Market Rout Deepens And Global Economic Fears Rise
AP Business Writers
The Dow Jones Industrial Average sank nearly 1,200 points Thursday, deepening a weeklong global market rout caused by worries that the coronavirus outbreak will wreak havoc on the global economy.
The S&P 500 has now plunged 12% from the all-time high it set just a week ago. That puts the index in what market watchers call a “correction,” which analysts have said was long overdue in this bull market, which is the longest in history.

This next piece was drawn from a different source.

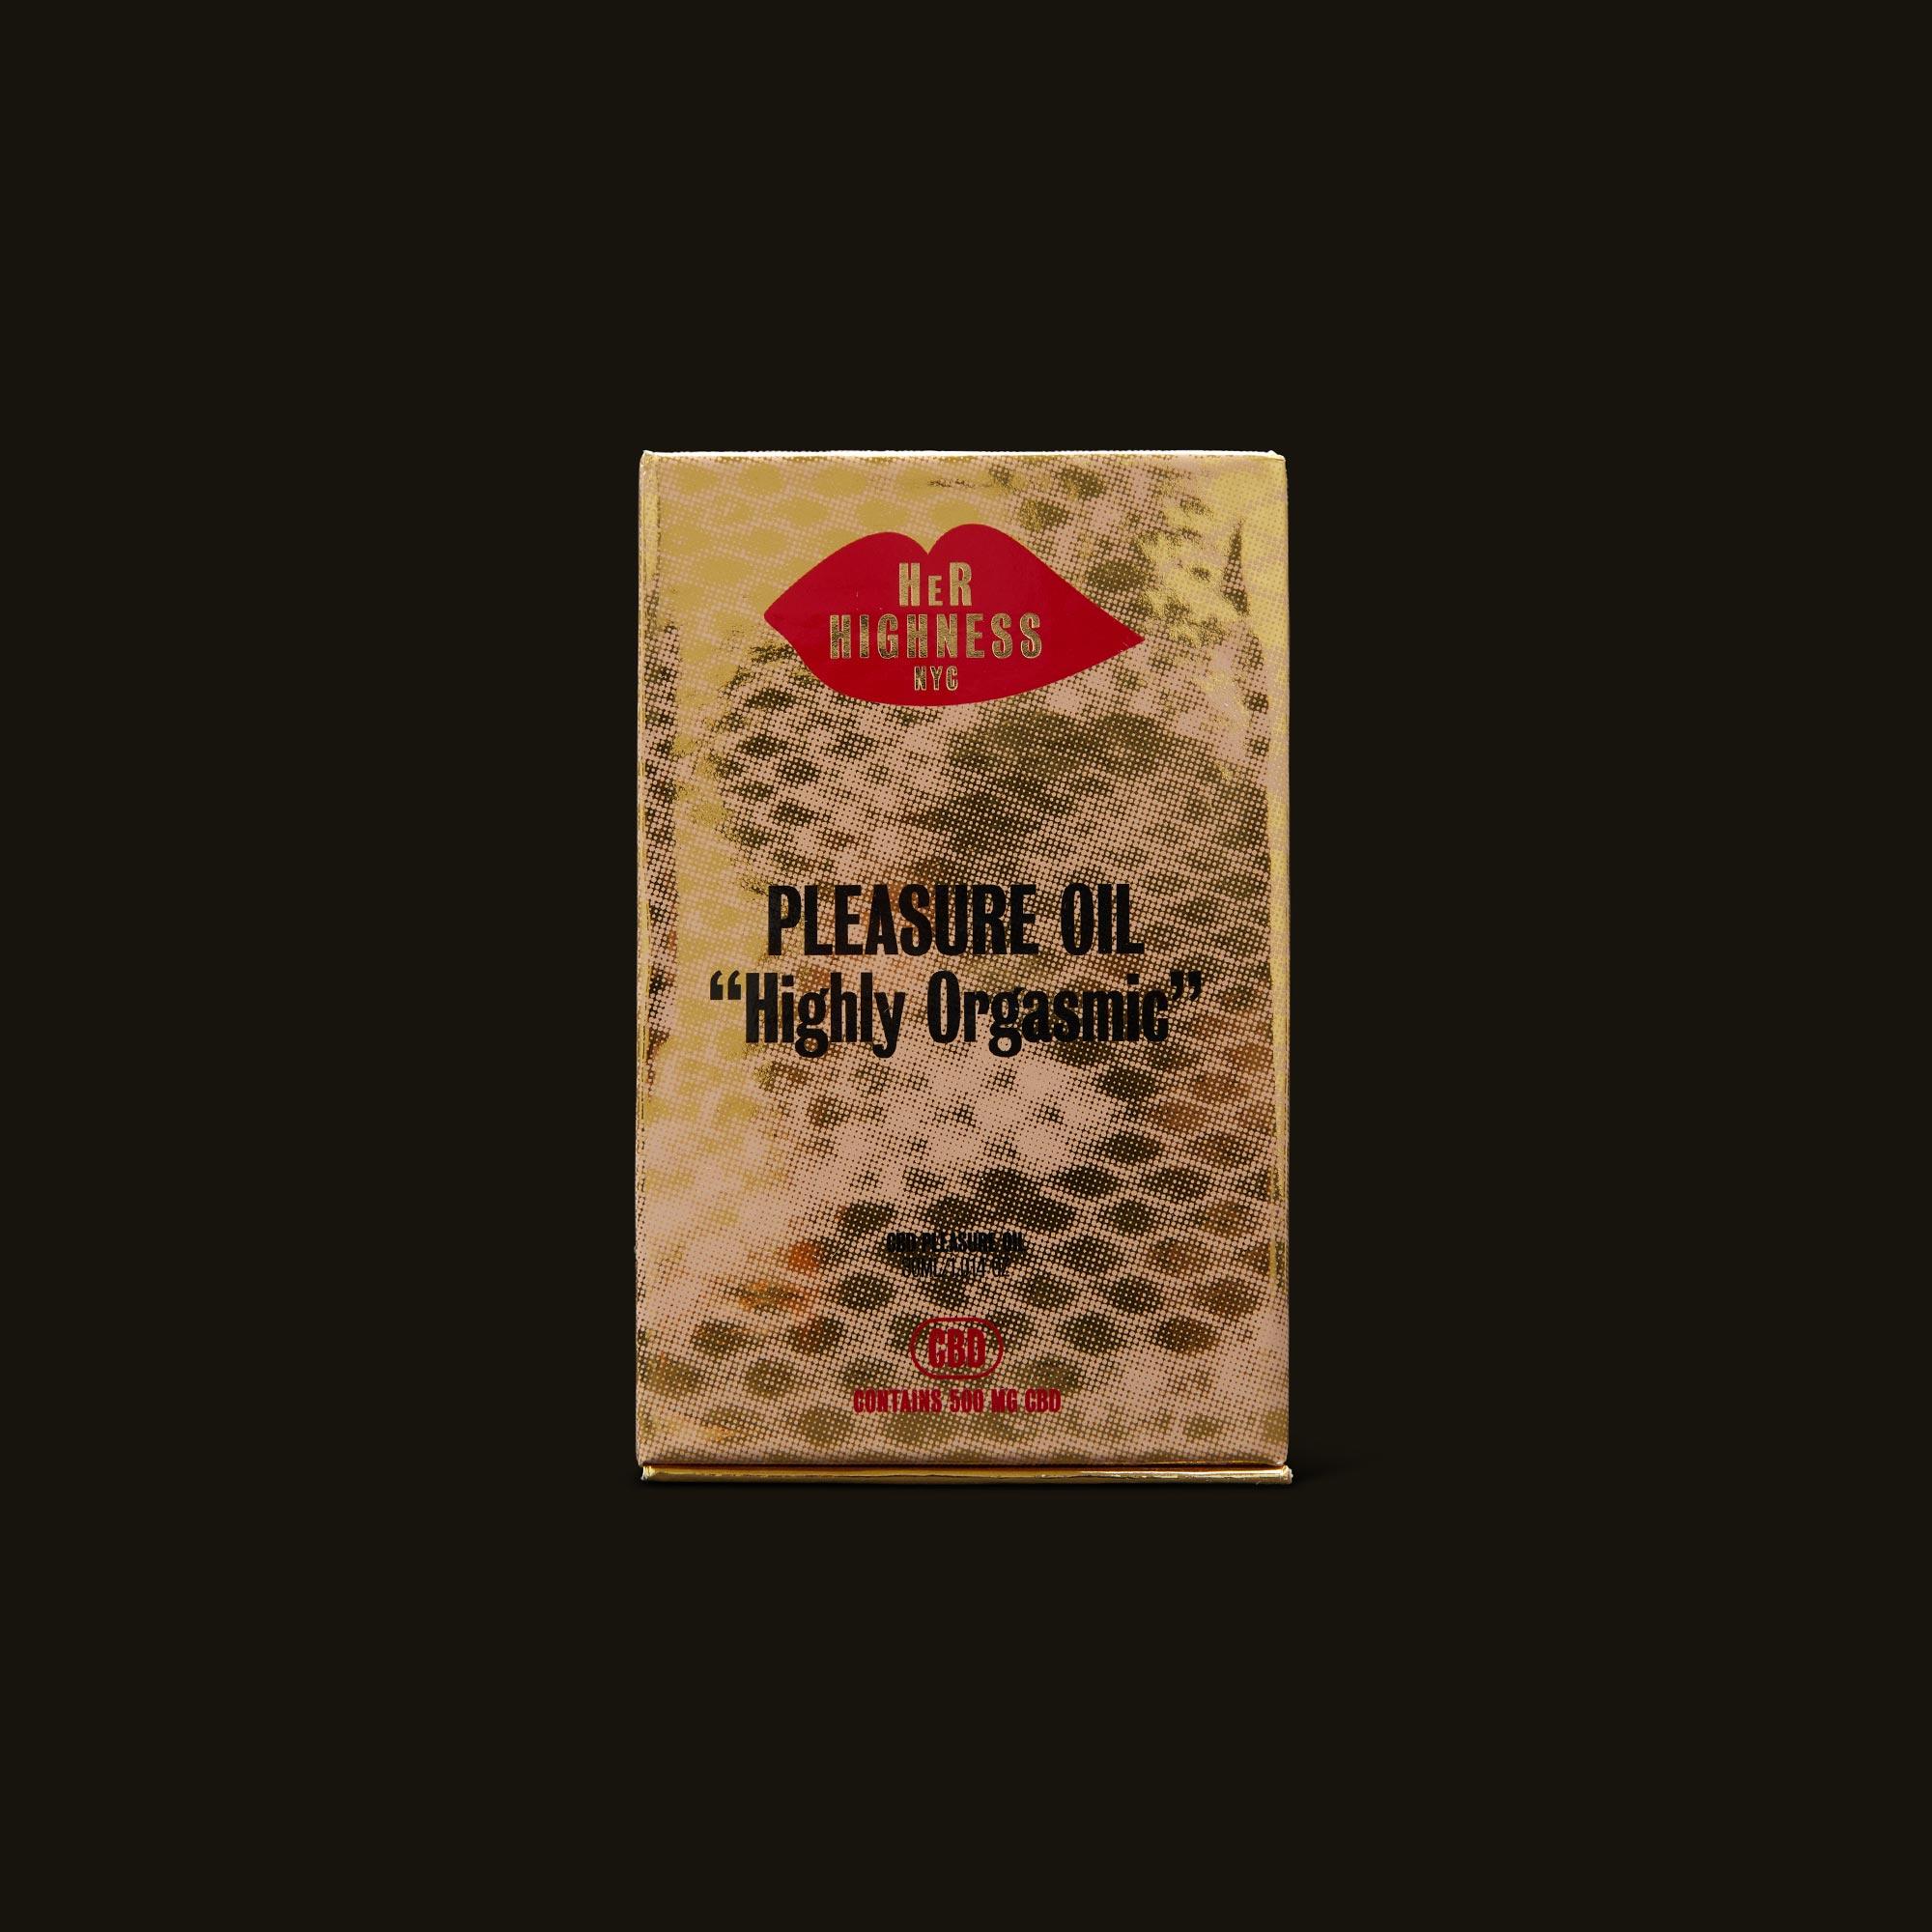 Her Highness CBD Pleasure Oil Front of Box

It was the worst one-day drop for the market since 2011, and stocks are now headed for their worst week since October 2008, during the global financial crisis.
The losses extended a slide in stocks that has wiped out the solid gains major indexes posted early this year. Investors came into 2020 feeling confident that the Federal Reserve would keep interest rates at low levels and the U.S.-China trade war posed less of a threat to company profits after the two sides reached a preliminary agreement in January. The virus outbreak has upended that rosy scenario as economists lower their expectations for economic growth and companies warn of a hit to their business.
“This is a market that’s being driven completely by fear,” said Elaine Stokes, portfolio manager at Loomis Sayles, with market movements following the classic characteristics of a fear trade: stocks are down, commodities are down and bonds are up.
Bond prices soared again, sending the yield on the 10-year Treasury to another record low. When yields fall it’s a sign that investors are feeling less confident about the strength of the economy going forward.
More and more companies are warning that the outbreak will hurt their profits. Microsoft warned that the outbreak had interrupted its supply lines, following a similar warning last week from Apple.
Crocs also fell sharply after saying its results would be hurt.
Energy stocks fell sharply as the price of oil dropped 3.4%.
Stokes said the swoon reminded her of the market’s reaction following the Sept. 11, 2001 terrorist attacks.
“Eventually we’re going to get to a place where this fear, it’s something that we get used to living with, the same way we got used to living with the threat of living with terrorism,” she said. “But right now, people don’t know how or when we’re going to get there, and what people do in that situation is to retrench.”
The virus has now infected more than 82,000 people globally and is worrying governments with its rapid spread beyond the epicenter of China.
At their heart, stock prices rise and fall with the profits that companies make. And Wall Street’s expectations for profit growth are sliding away. Apple and Microsoft, two of the world’s biggest companies, have already said their sales this quarter will feel the economic effects of the virus.
Goldman Sachs on Thursday said earnings for companies in the S&P 500 index might not grow at all this year, after predicting earlier that they would grow 5.5%. Strategist David Kostin also cut his growth forecast for earnings next year.
Besides a sharply weaker Chinese economy in the first quarter of this year, he sees lower demand for U.S. exporters, disruptions to supply chains and general uncertainty eating away at earnings growth.
Such cuts are even more impactful now because stocks are already trading at high levels relative to their earnings, raising the risk. Before the virus worries exploded, investors had been pushing stocks higher on expectations that strong profit growth was set to resume for companies.
The S&P 500 was recently trading at its most expensive level, relative to its expected earnings per share, since the dot-com bubble was deflating in 2002, according to FactSet. If profit growth doesn’t ramp up this year, that makes a highly priced stock market even more vulnerable.
Goldman Sach’s Kostin said the S&P 500 could fall to 2,900 in the near term, which would be a nearly 7% drop from Wednesday’s close, before rebounding to 3,400 by the end of the year.
Traders are growing increasingly certain that the Federal Reserve will be forced to cut interest rates to protect the economy, and soon.
They’re pricing in a nearly two-in-three probability of a cut at the Fed’s next meeting in March.